Лента бельгийских братьев Дарденн “Сын” (2002) не вполне то, чем кажется невнимательному “читателю”. Ее фабула предельно проста. Главный герой, столяр среднего возраста, пять лет назад потерял сына. То есть навсегда: ребенок был задушен на заднем сиденье автомобиля, когда одиннадцатилетний хулиган попытался украсть из салона приемник. Хулиган не знал о ребенке, ребенок же, как черт из табакерки, вцепился в хулигана и до последнего вздоха не отпускал. Хулиган боялся ареста, в борьбе удачно сдавил горло упрямого малыша, был арестован и отсидел пять лет. Следом за ребенком столяр теряет жену. Обезумевшая от горя женщина выходит замуж за другого, теперь она снова беременна, почти счастлива. Почти.

Наконец, в бельгийское ПТУ, где несчастный уже не отец преподает столярное дело, поступает тот самый убийца. Он мечтает о профессии столяра, и после некоторых колебаний герой зачисляет его в свою группу. Вся история. Быть может, разбору этой выдающейся картины стоило бы посвятить отдельный текст. Здесь и сейчас — несколько существенных наблюдений.

Болезнь, смерть и тому подобные предельные темы требуют от вменяемого постановщика осторожности. Во-первых, таким темам закономерно сопутствует набор клишированных эмоций. Плохой режиссер не стыдится ими спекулировать, а у хорошего другие цели. Хороший потому и “хороший”, что опровергает клише и открывает мир заново.

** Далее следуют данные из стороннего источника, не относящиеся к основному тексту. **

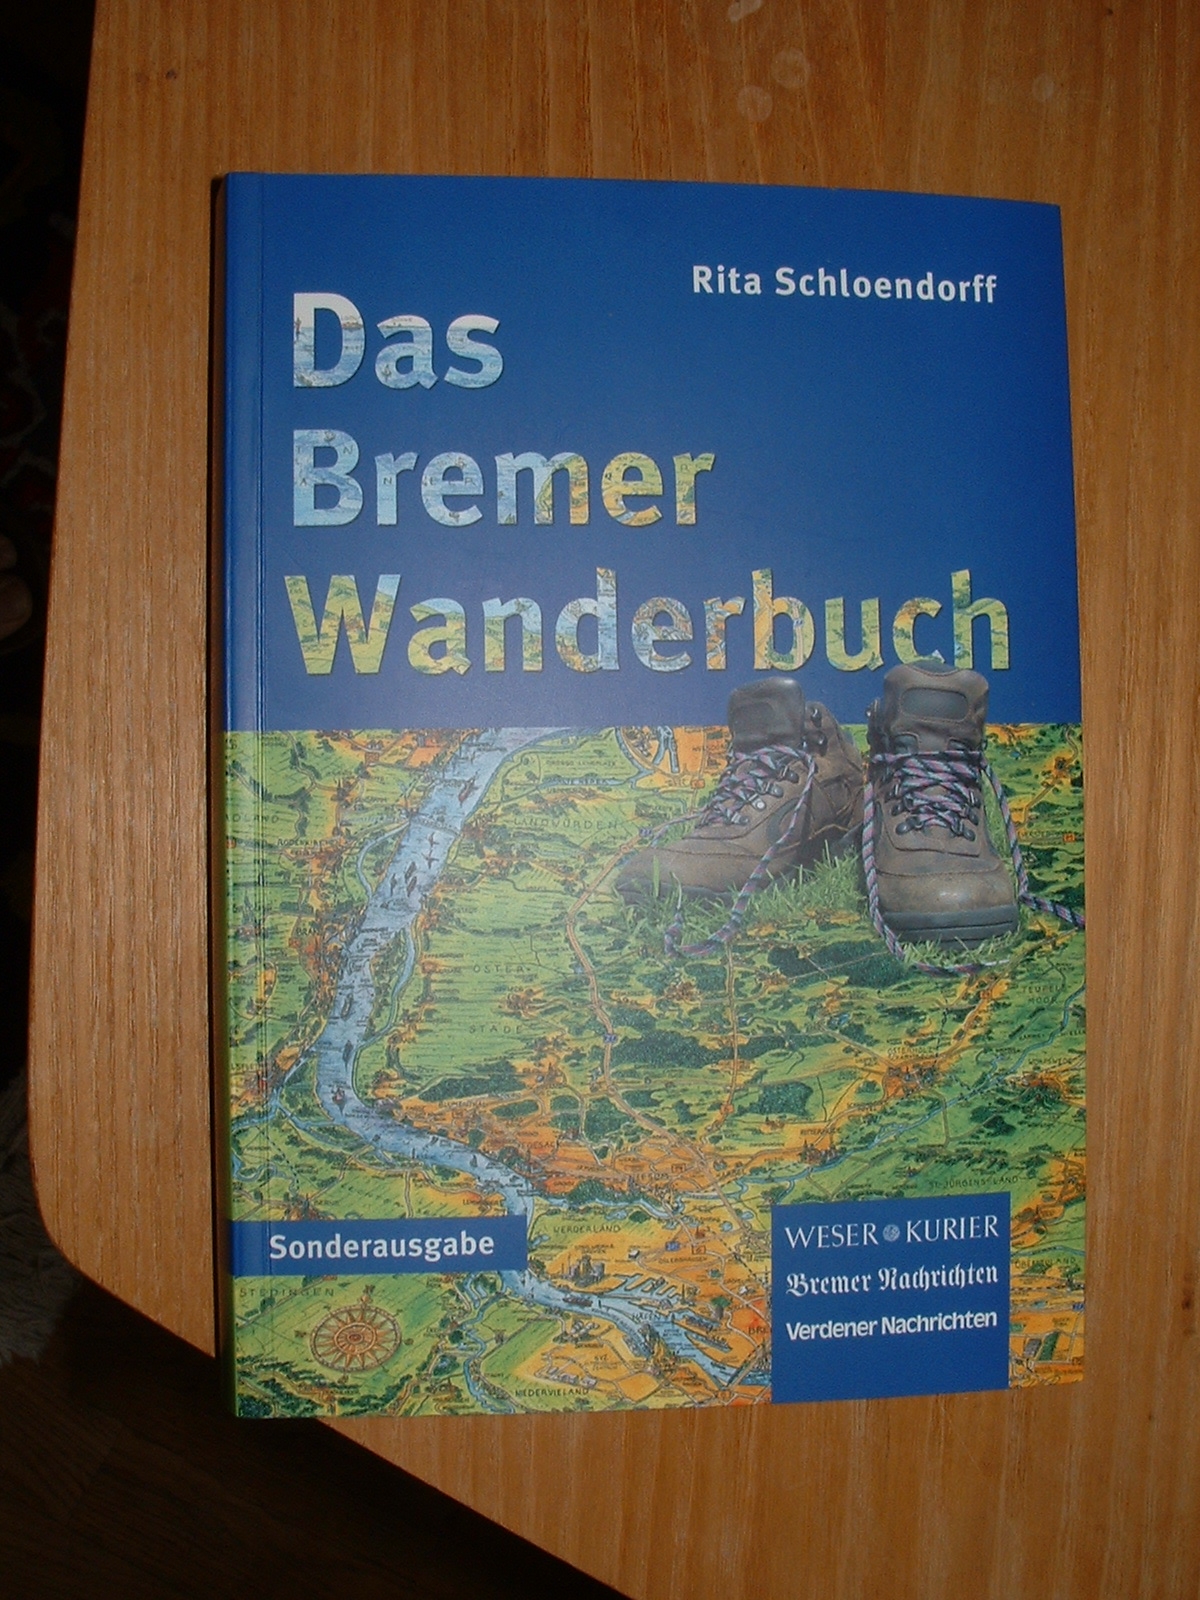 Weser Kurier - Sonderausgabe: Das Bremer Wanderbuch

Кроме того, для психически нормального человека проблематично наблюдать предельный опыт в режиме повседневного комфорта, в режиме досуга. Смерть и болезнь в исполнении упитанных, социально успешных артистов по меньшей мере раздражают. Фабула Дарденнов вызывающе предельна, чего стоит навязчивое совпадение: сначала в ученики, а затем и в “сыновья” (“Усыновите!”) к герою просится его абсолютный враг, тот, кто лишил его шанса на биологическое продолжение и тем самым как бы досрочно убил. Герой смиряется, прощает и, скорее всего, усыновит нераскаянного малолетнего злодея. Такое сугубо моралистическое прочтение явно недостаточно, и внимательному зрителю открывается несколько иное.

Фильм снят подвижной ручной камерой, которая на неподобающе близком расстоянии сопровождает бывшего отца, столяра, практически всю картину. Но самое поразительное то, что по большей части камера снимает плечи и затылок героя! Столяр будто бы убегает, а камера не дает ему ускользнуть, лишь изредка заглядывая в лицо. Конечно, можно предположить, что зрителю предложена точка зрения ангела-хранителя. Это и любопытно, и почетно, и льстит, но вряд ли содержательно: я уже замечал, что ангелы на кинопленке не видны, только люди. Вот и точка зрения должна быть — человеческая, достоверная, земная.

Навязчиво игнорируя лицо, Дарденны ставят под сомнение пространство игрового сюжета, который, кстати, тоже не без подлянок. Почему бы, скажем, не интерпретировать решение столяра обучать врага ремеслу как асимметричный ответ, точнее, месть бывшей супруге, начинающей все заново и с другим мужчиной?! У нас нет никаких оснований походя отбросить эту версию. Она противоречит априорной политкорректной установке? Еще как! Но не авторскому рассказу.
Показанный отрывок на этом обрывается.